Feel they have been targeted
Rep. Jim Ward, D-Wichita, said he plans to file a formal request for an audit Dec. 10 when the Legislative Post-Audit Committee meets.
They’re hurting children. In their bigotry, in their effort to prevent nontraditional families, they’re hurting children.
Rep. Jim Ward, D-Wichita
“They’re hurting children. In their bigotry, in their effort to prevent nontraditional families, they’re hurting children,” Ward said. “The prime directive of DCF is to do what’s in the best interest (of the child). It’s not just about the same-sex couples. In fact, it’s really about the kids.”
Tom Witt, executive director of Equality Kansas, a gay-rights organization, said in an e-mail that he has spoken with multiple gay and lesbian couples who feel they have been targeted by the DCF and have had their foster children taken away.
“DCF is ripping apart gay and lesbian families to satisfy the ideological demands of DCF Secretary (Phyllis) Gilmore,” Witt said. “Children who have already lost one family are enduring further trauma at the hands of the Brownback administration, which cares far more about fringe ideology than the best interests of children and their families.”
Gilmore said Wednesday that “an audit would be to our benefit” because it would show that the allegations against the agency are not true.
Confidentiality laws prohibit the DCF from commenting on a specific case; the DCF has repeatedly said it does not have a policy to show a preference to heterosexual parents over same-sex parents.
“We have no policy regarding same-sex couples within our foster care or adoption programs,” said Theresa Freed, spokeswoman for the agency.
Our priority is looking for safe and appropriate homes for each child, and that’s determined on a case-by-case basis.
Theresa Freed, DCF spokeswoman
“Our priority is looking for safe and appropriate homes for each child, and that’s determined on a case-by-case basis.”
Freed added that “keeping together siblings is a high priority for our agencies.”
Schmidt said the child at the center of the case has gone back into the DCF system, and her clients, who remain licensed foster parents, are trying to see whether they can take the child back into their home.

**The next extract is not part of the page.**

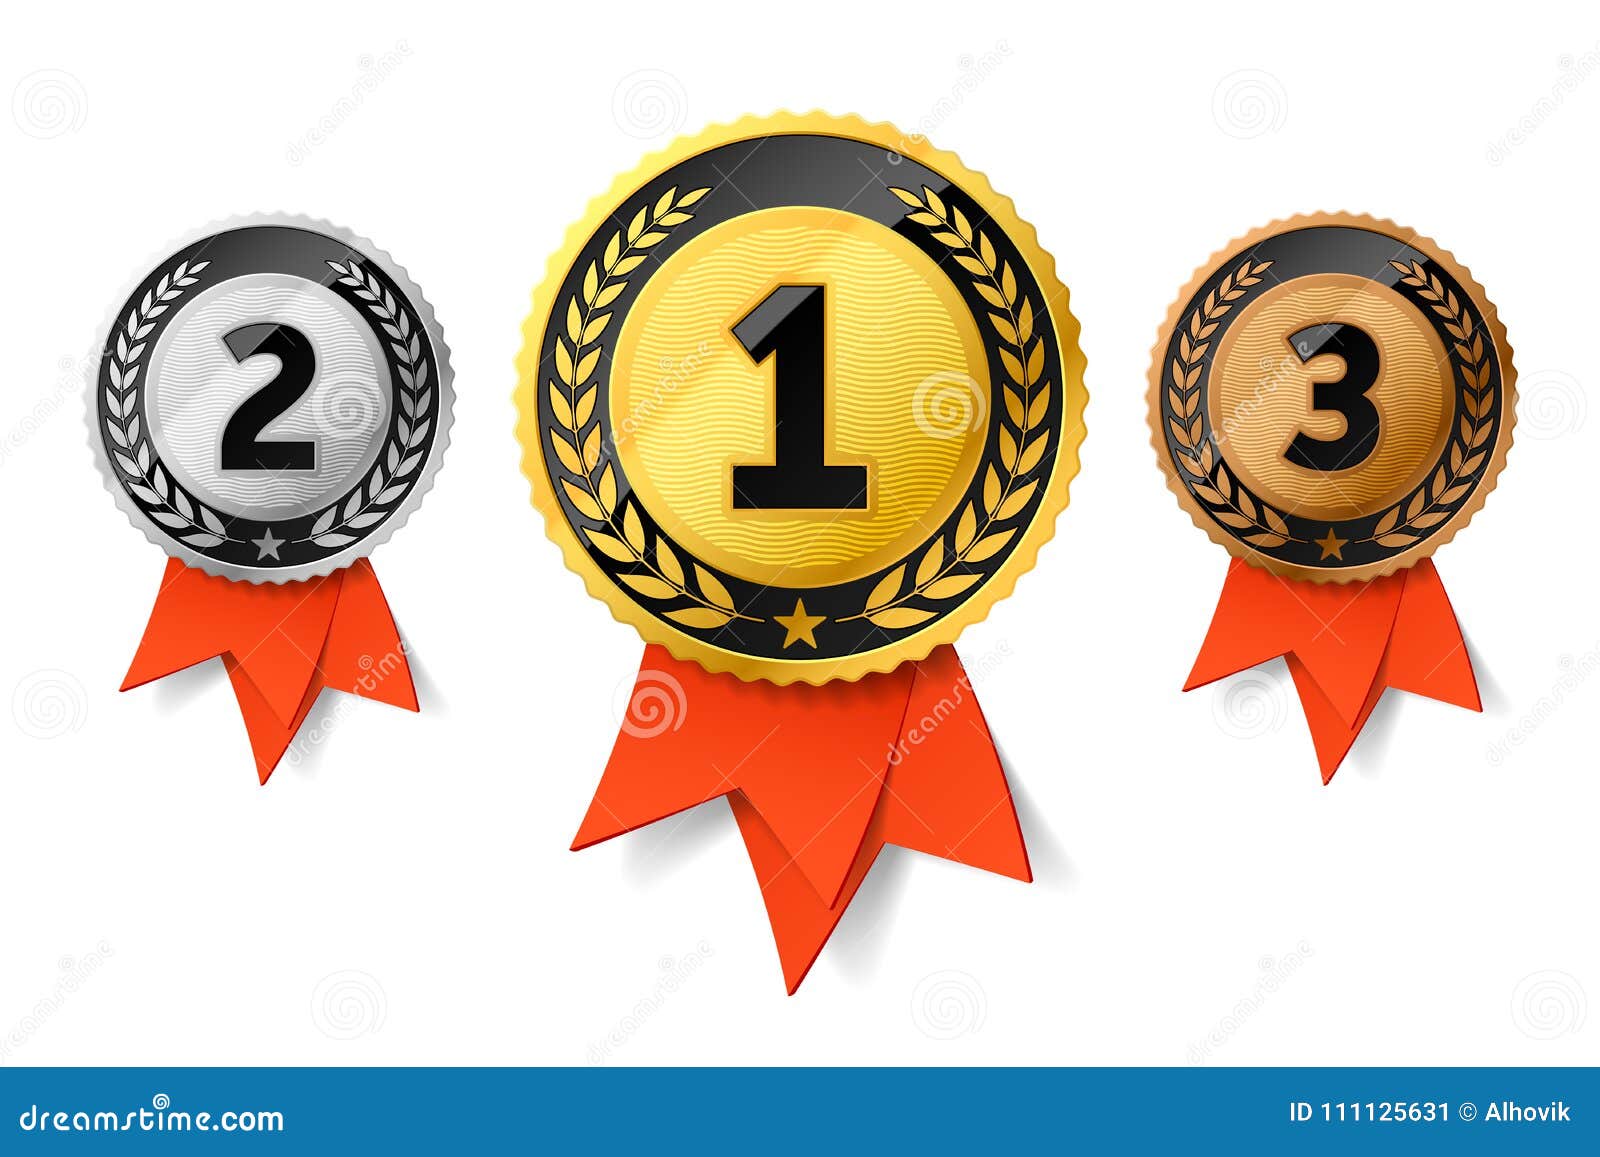 champions-gold-silver-and-bronze-award-medals-vector-illustration
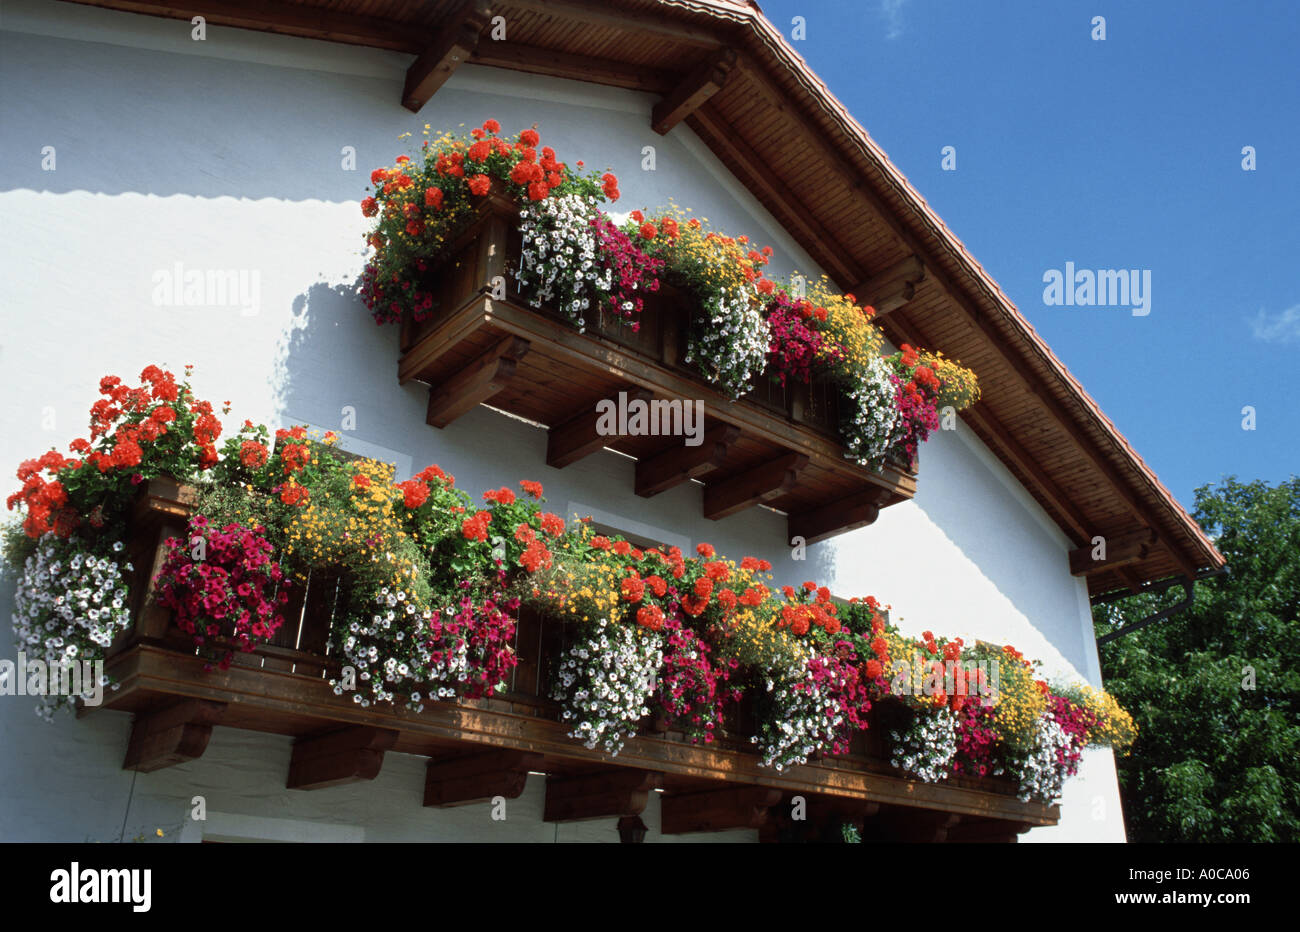 BAVARIA bavarian farm house with typical Balcony with flowers bavarian woods forest balkon ornament adornment bavarian country Stock Photo

This is not the first time the DCF has faced questions about how it handles cases involving same-sex couples.
A Johnson County judge removed a child from the DCF’s custody in 2013 after concluding it had not acted in the best interest of a child by taking him away from a lesbian couple who had fostered him and planned to adopt.
Some conservative lawmakers recently contended that the DCF should weigh family structure when making foster care placements.
A special legislative committee on foster care heard testimony last month from Donald Paul Sullins, a Catholic priest and professor of sociology at Catholic University of America who authored a controversial study that argues that children raised by same-sex parents are at higher risk for depression and other emotional disorders.
Sen. Forrest Knox, R-Altoona, the committee’s chairman, said after the hearing that “a traditional home with a father and a mother and a committed long-term marriage is the best for meeting the needs of kids.”
Jennifer Pearson, a sociology professor at WSU, took issue with the lawmakers relying on Sullins’ research, which she said has been discredited. She said in an e-mail that the bulk of research has shown “that child well-being is based on stability in the family, parent-child relationships, and family resources, not the sex of the parents.”
A survey by Columbia University’s law school found that 73 of 77 studies have shown that children who are raised by gay and lesbian parents fare no worse than peers raised by heterosexual parents.
Pearson said she was “deeply troubled by the suggestion that decisions about foster care or adoption might be based on parents’ sexual orientation rather than the factors that truly matter.”